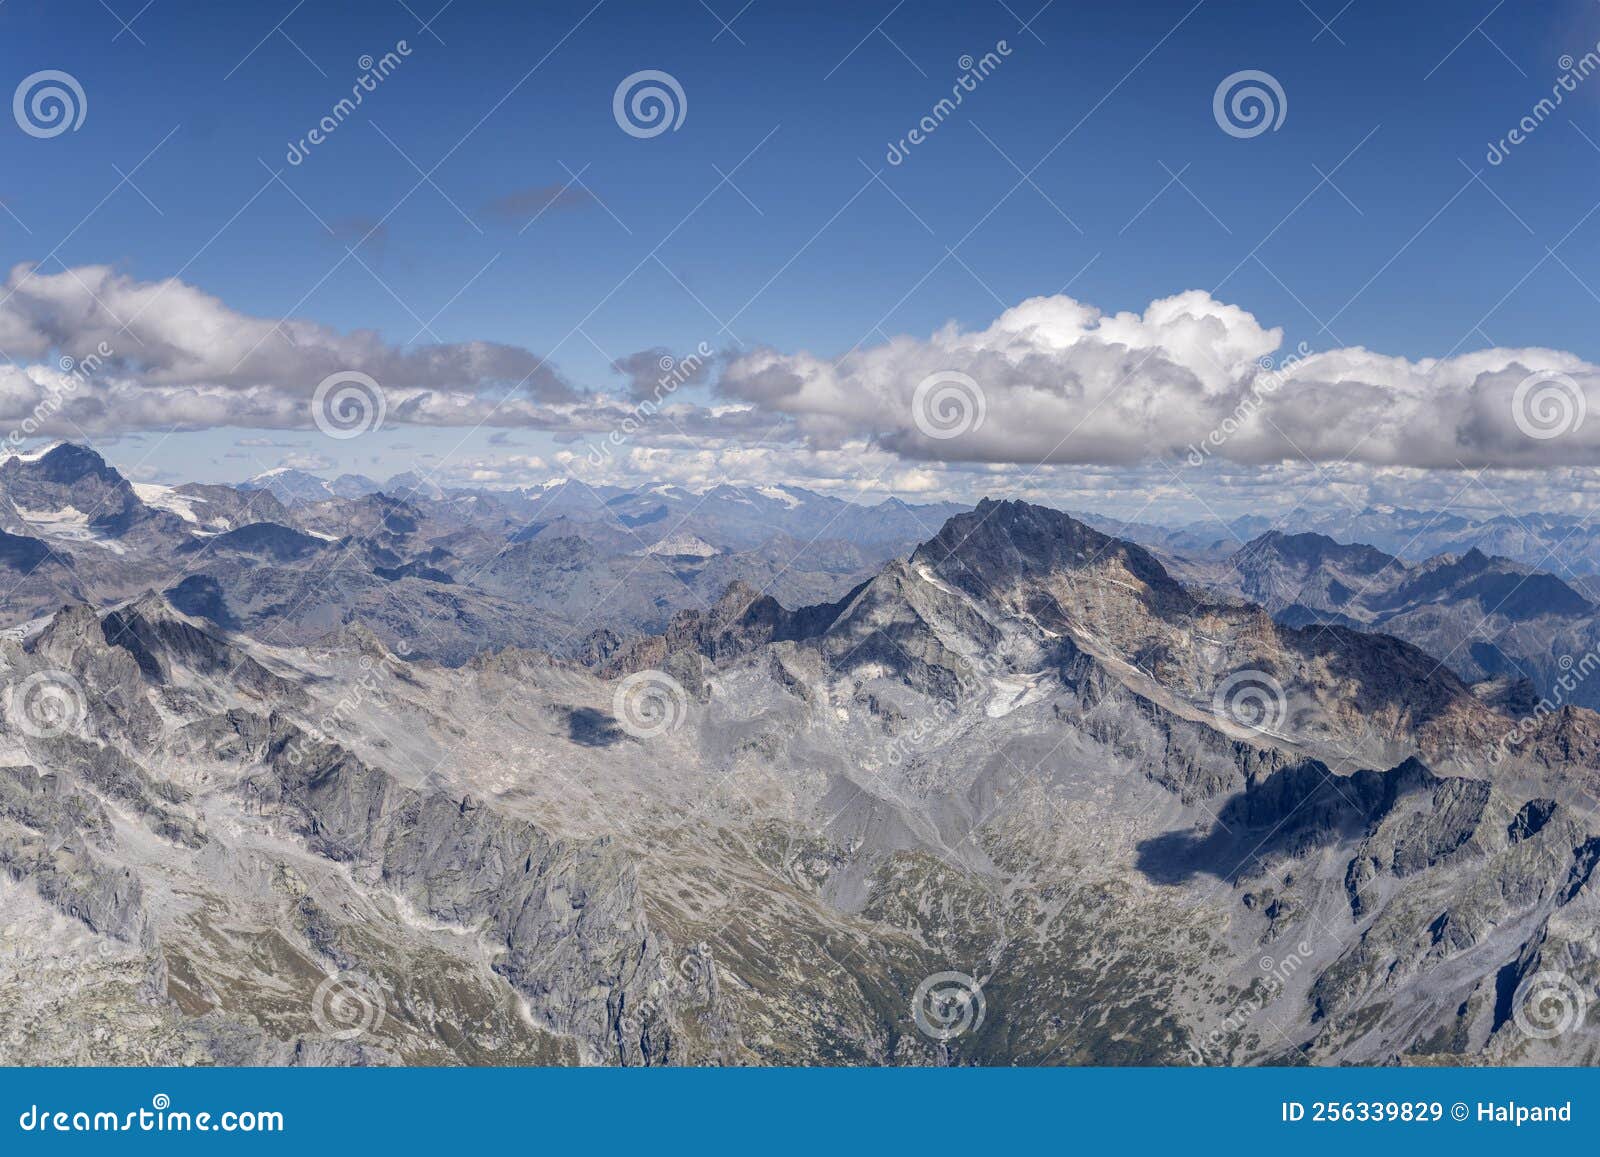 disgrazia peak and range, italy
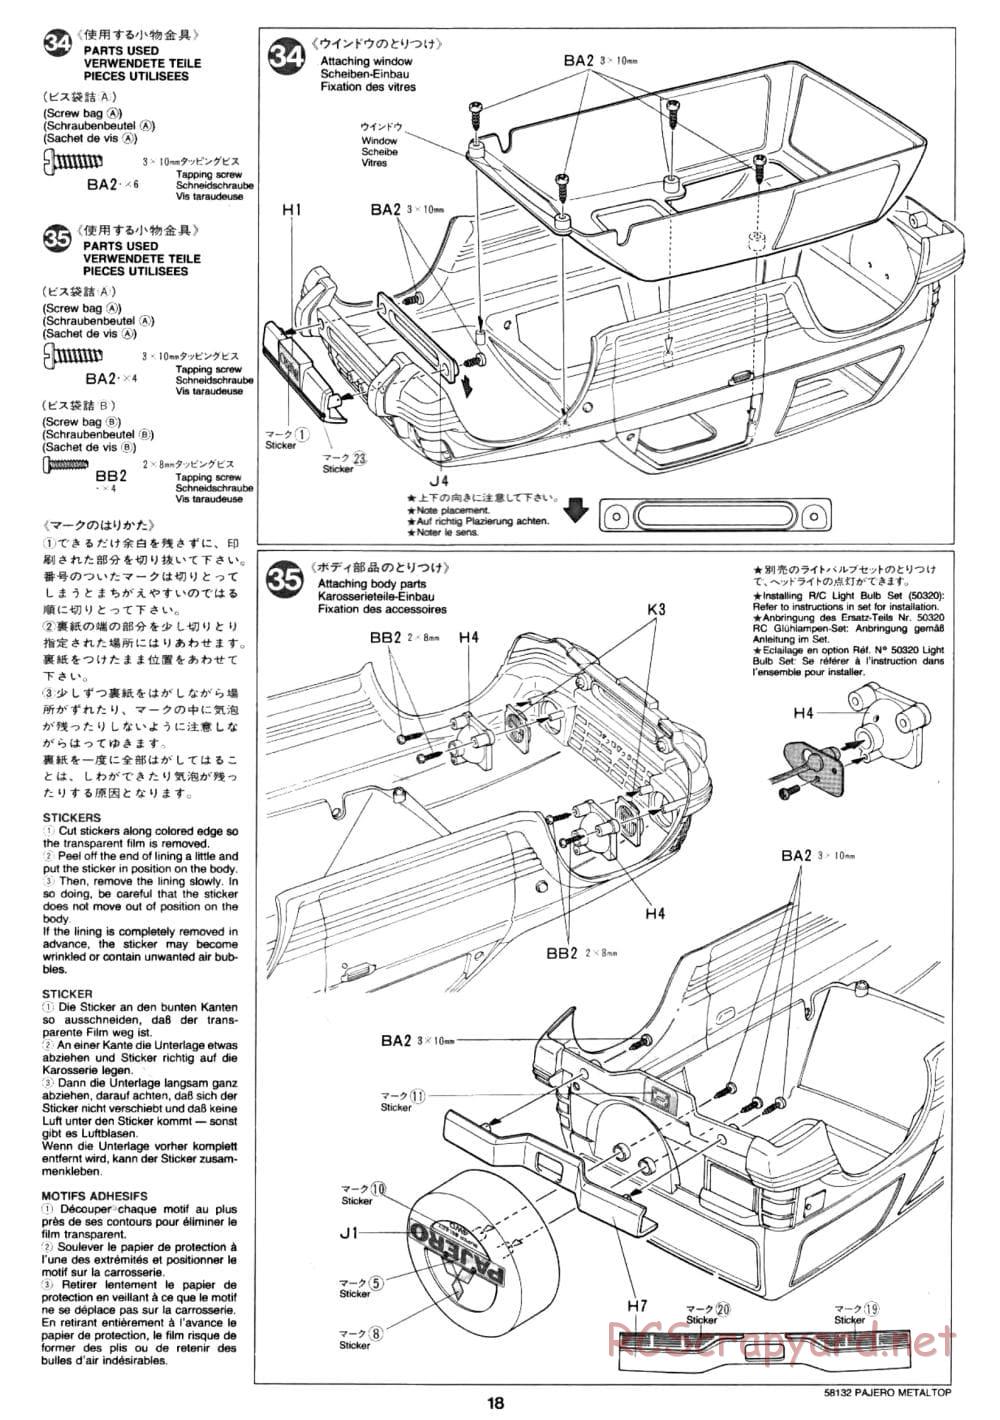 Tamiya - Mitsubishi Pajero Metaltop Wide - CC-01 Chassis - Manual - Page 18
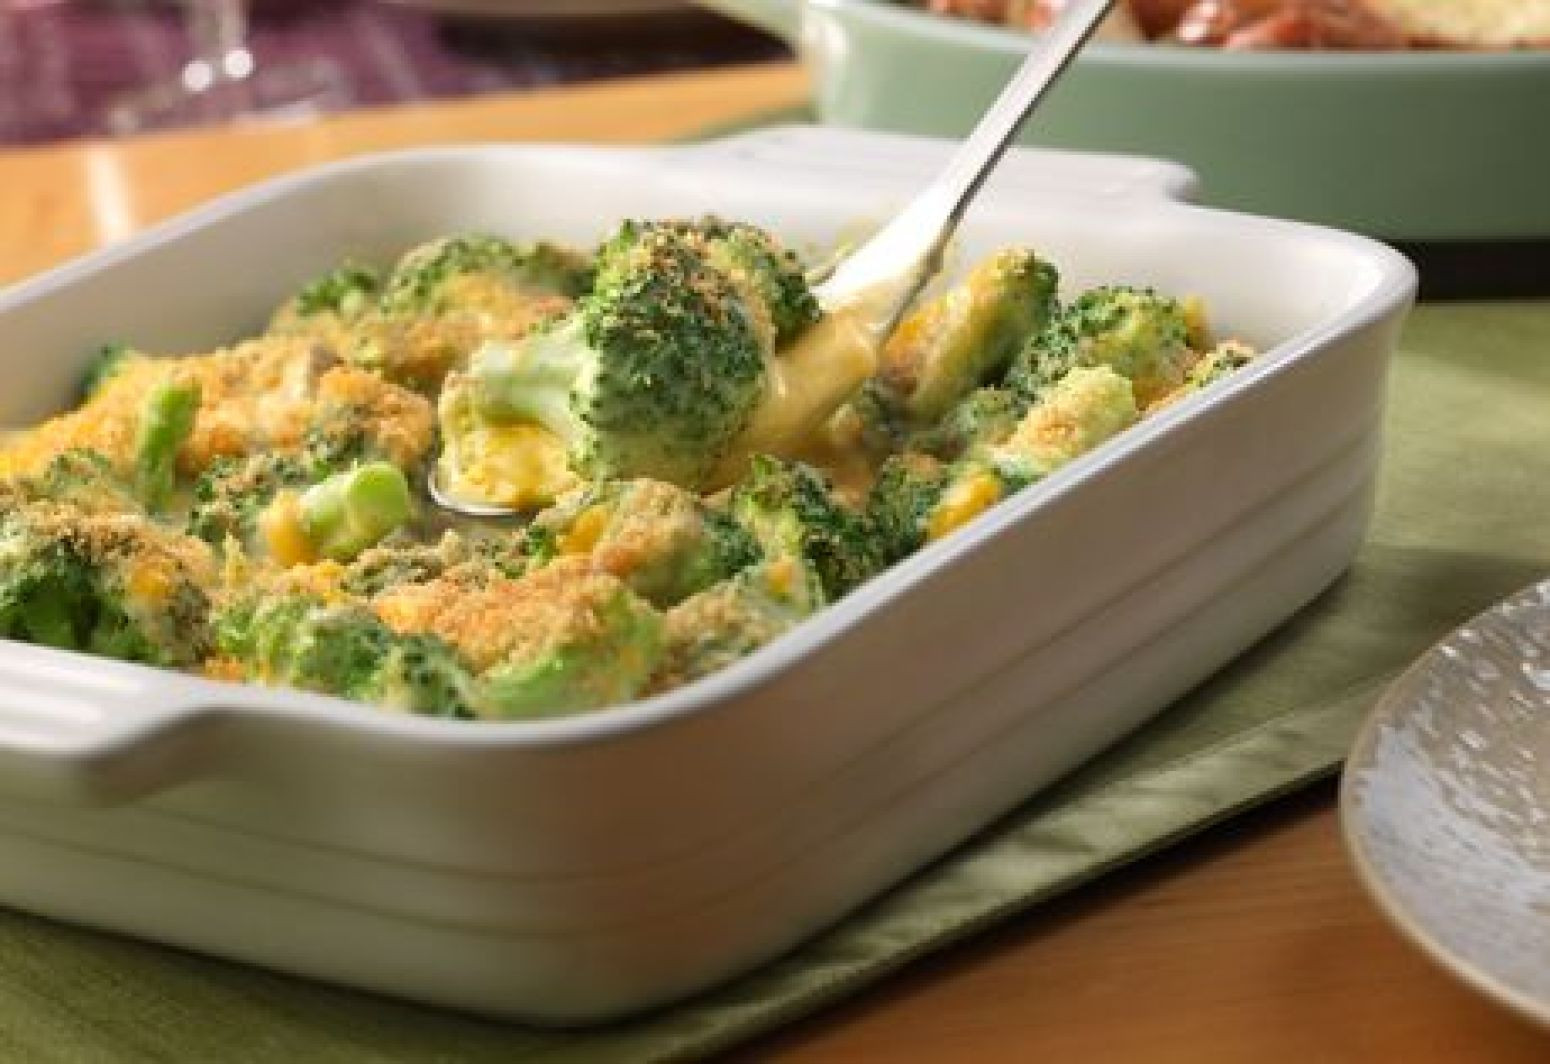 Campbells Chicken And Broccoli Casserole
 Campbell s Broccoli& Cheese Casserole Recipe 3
--
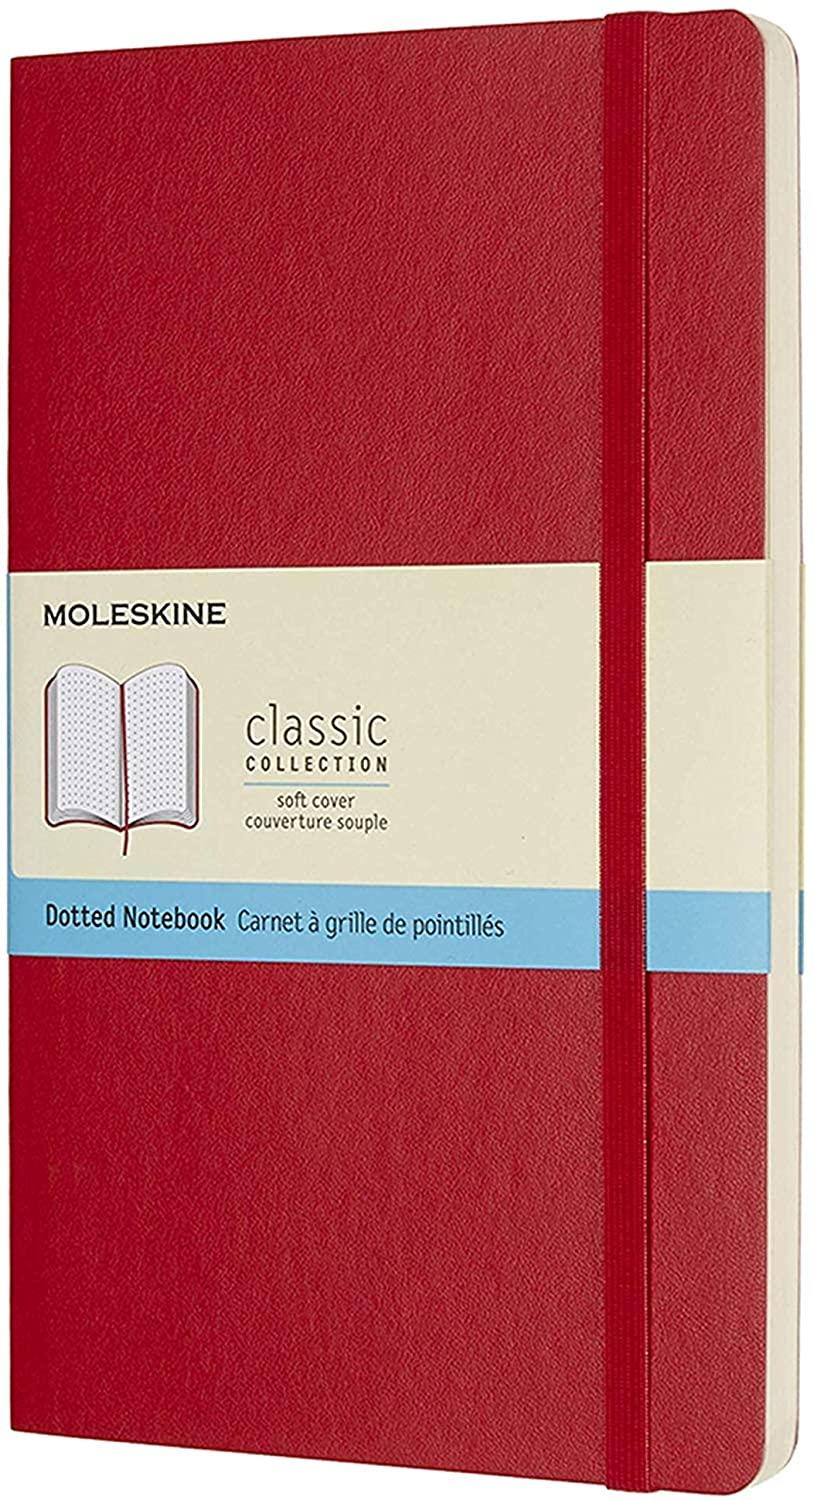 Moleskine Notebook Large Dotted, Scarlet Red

- _EXERCISE PROMPT_: With the pictures omitted, copy the entries above exactly from the line containing "Tamiya - Mitsubishi" through the line containing "Campbell s Broccoli&", both lines included.

- _ANSWER BELOW_:
 Tamiya - Mitsubishi Pajero Metaltop Wide - CC-01 Chassis - Manual - Page 18
 Campbells Chicken And Broccoli Casserole
 Campbell s Broccoli& Cheese Casserole Recipe 3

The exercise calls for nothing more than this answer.